The trial court rendered judgment in favor of Cue, sentencing Sea-Land to pay him P186,048.00 representing the Philippine currency value of the lost cargo, P55,814.00 for unrealized profit with one (1%) percent monthly interest from the filing of the complaint until fully paid, P25,000.00 for attorney’s fees and P2,000.00 as litigation expenses. The Intermediate Appellate Court affirmed said decision.

ISSUE:

Whether or not the “package limitation clause,” a stipulation limiting the liability of the carrier for loss and damage to the shipment to the amount fixed in the bill of lading, is valid and binding against the shipper and the consignee in view of the shipper’s failure to declare the actual value of the shipment.

HELD:

Yes. There is nothing in the Civil Code which absolutely prohibits agreements between shipper and carrier limiting the latter’s liability for loss of or damage to cargo shipped under contracts of carriage. The Civil Code in fact has agreements of such character in contemplation in providing, in its Articles 1749 and 1750, that:
ART. 1749 A stipulation that the common carrier’s liability is limited to the value of the goods appearing in the bill of lading, unless the shipper or owner declares a greater value, is binding.
ART. 1750. A contract fixing the sum that may be recovered by the owner or shipper for the loss, destruction, or deterioration of the goods is valid, if it is reasonable and just under the circumstances, and has been fairly and freely agreed upon.

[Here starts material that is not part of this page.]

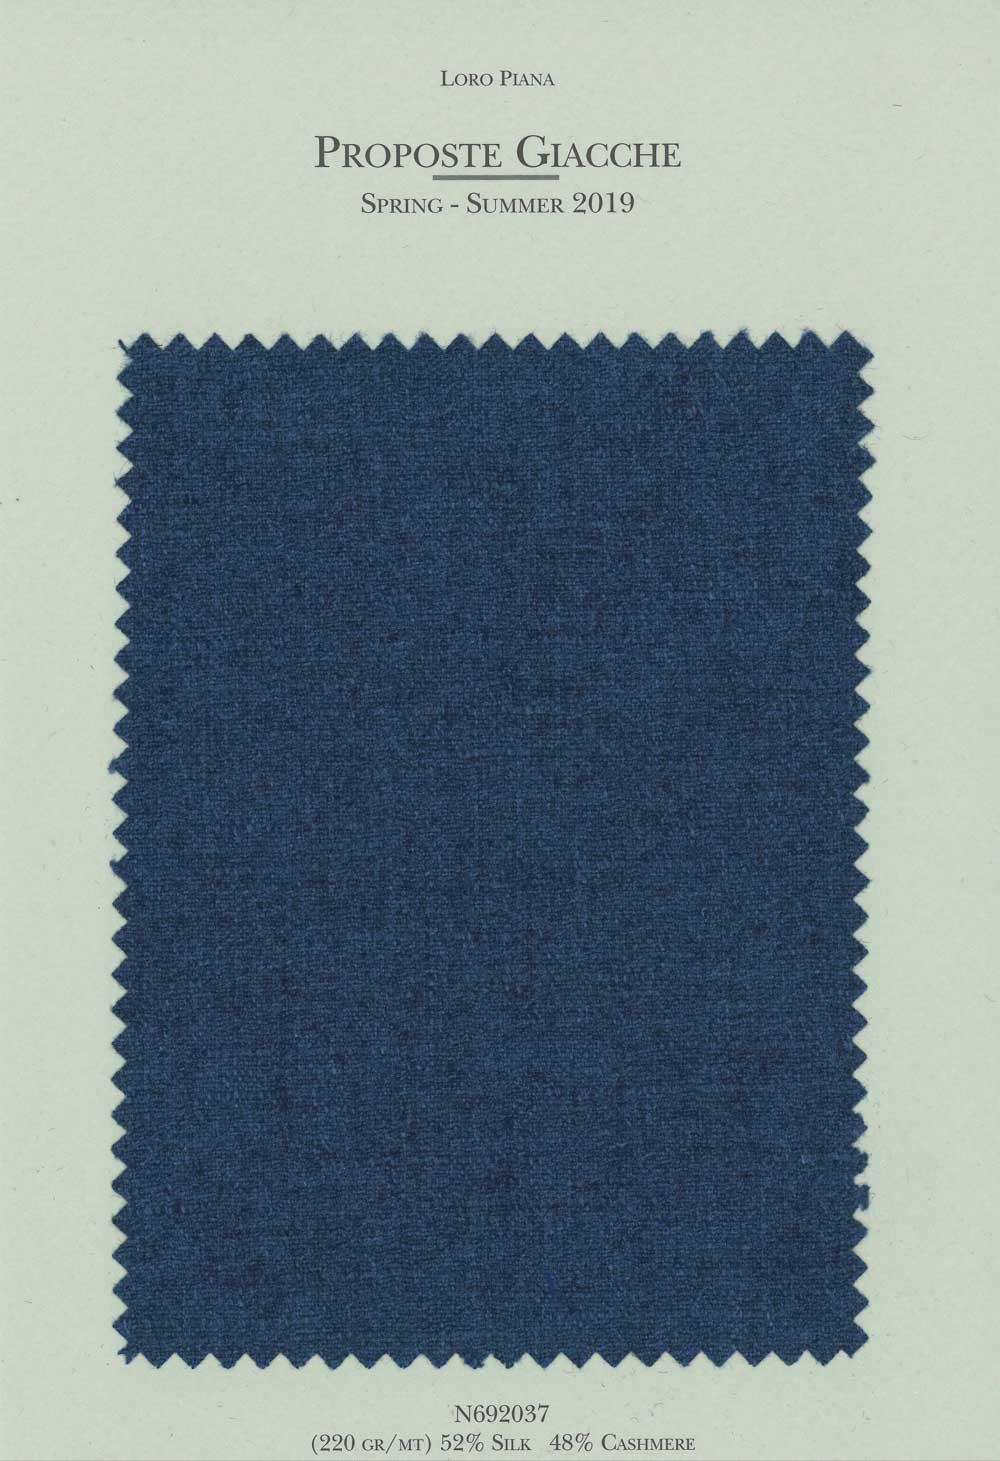 N692037

Here, the just and reasonable character of the questioned stipulation is implicit from the fact that the shipper or owner is given the option under Article 1749 of avoiding accrual of liability limitation by simply declaring the nature and value of the shipment in the bill of lading. Also, the shipper here did not complain of having been “rushed,” imposed upon or deceived in any significant way into agreeing to ship the cargo under a bill of lading carrying such a stipulation; therefore, there is no ground to assume that its agreement to the said stipulation was not freely and fairly sought and given.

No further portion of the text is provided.